This letter will explain the process of developing a “Therapeutic Supervision Plan” for your family and your child who has concerning sexual behavior. You have probably just begun treatment and might still be in shock over the discovery that your child or teen has engaged in sexual behavior. Until all the dynamics surrounding the sexual behavior is figured out in therapy, it is essential that your child be strictly supervised for the first 3 months. If your child or teen is showing good judgment and following the rules, changes in the level of supervision will be considered. One thing that will likely never change is that the youth with Problematic Sexual Behavior (PSB) can never ever be alone with the child he/she has abused until that child is 18 or 19. This is the one rule that is consistent and constant for every client and family when there is sexual behavior between the children, even if they are the same age. I understand that this is likely a hardship on you, the caregivers and I will do all I can to support you.
Therapeutic Supervision Plans are different than the other plans from providers.
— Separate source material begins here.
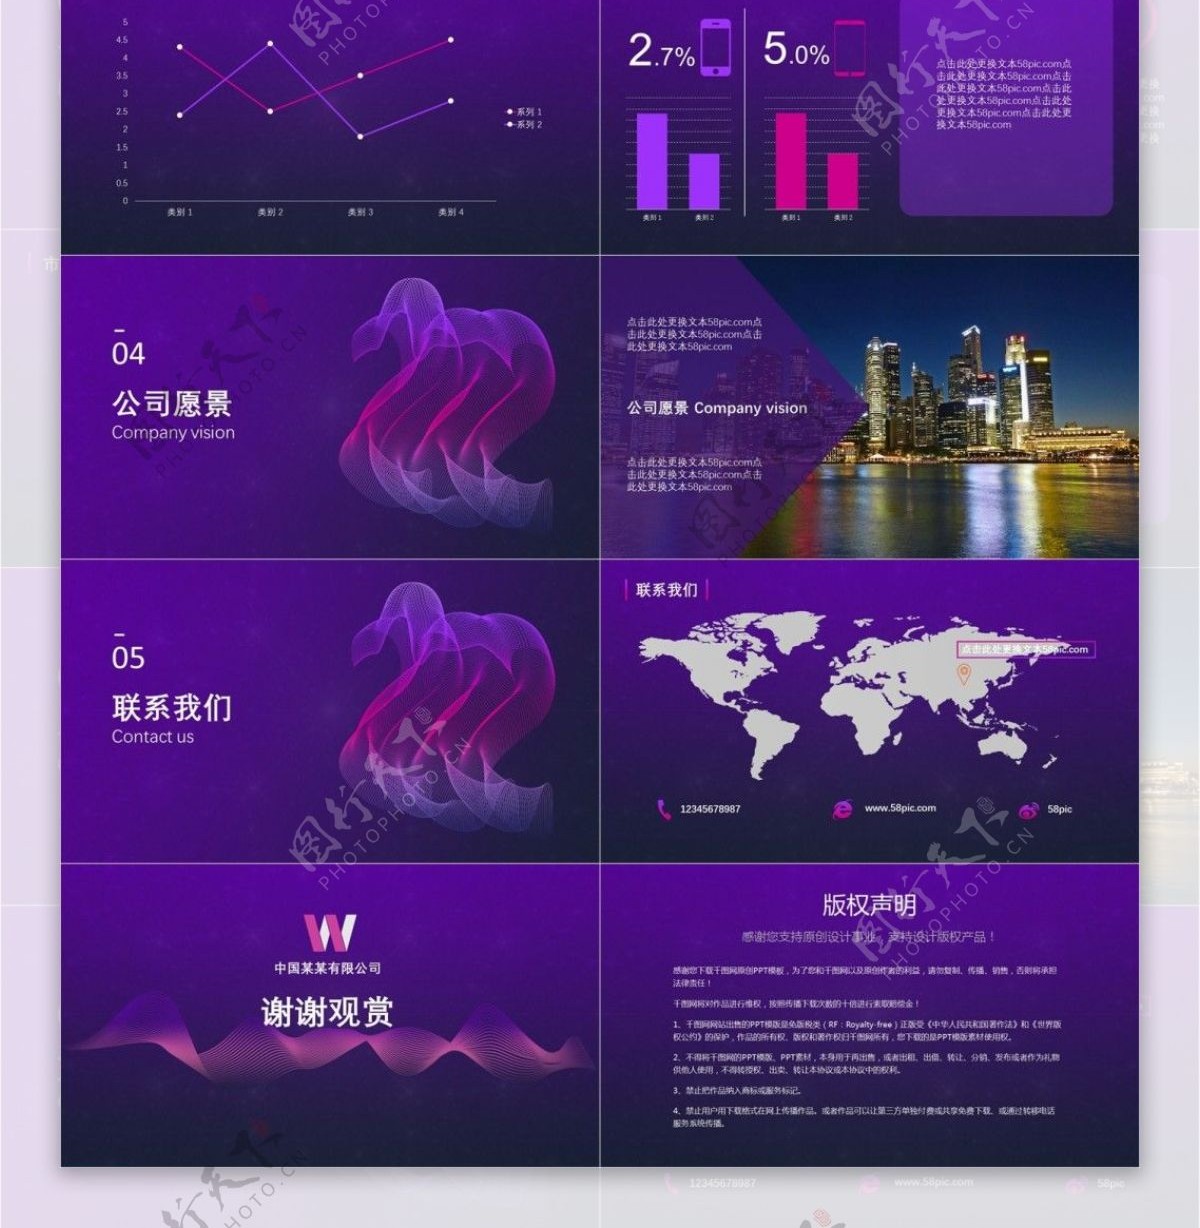 紫色高端大气企业宣传公司介绍PPT模板

If you are involved in Juvenile Court, there are likely other rules your youth is expected to follow. Child Protective Services also asks families to commit to providing physical safety for the children in the home and they may have asked you to comply with a “Safety Plan”. Safety Plans may include having door alarms or requiring separate bedrooms. The “Therapeutic Supervision Plan” is different from a CPS Safety Plan because it is designed to meet different goals. I want to make sure that all the requirements and rules for your family do not conflict with each other. Sometimes, I can help other agencies or providers understand that a rule might not be therapeutic and needs to be adjusted. The Therapeutic Supervision Plan is a joint effort between me, the therapist, the youth and all caregivers.
Therapeutic Supervision is NOT for punishment, it’s for safety.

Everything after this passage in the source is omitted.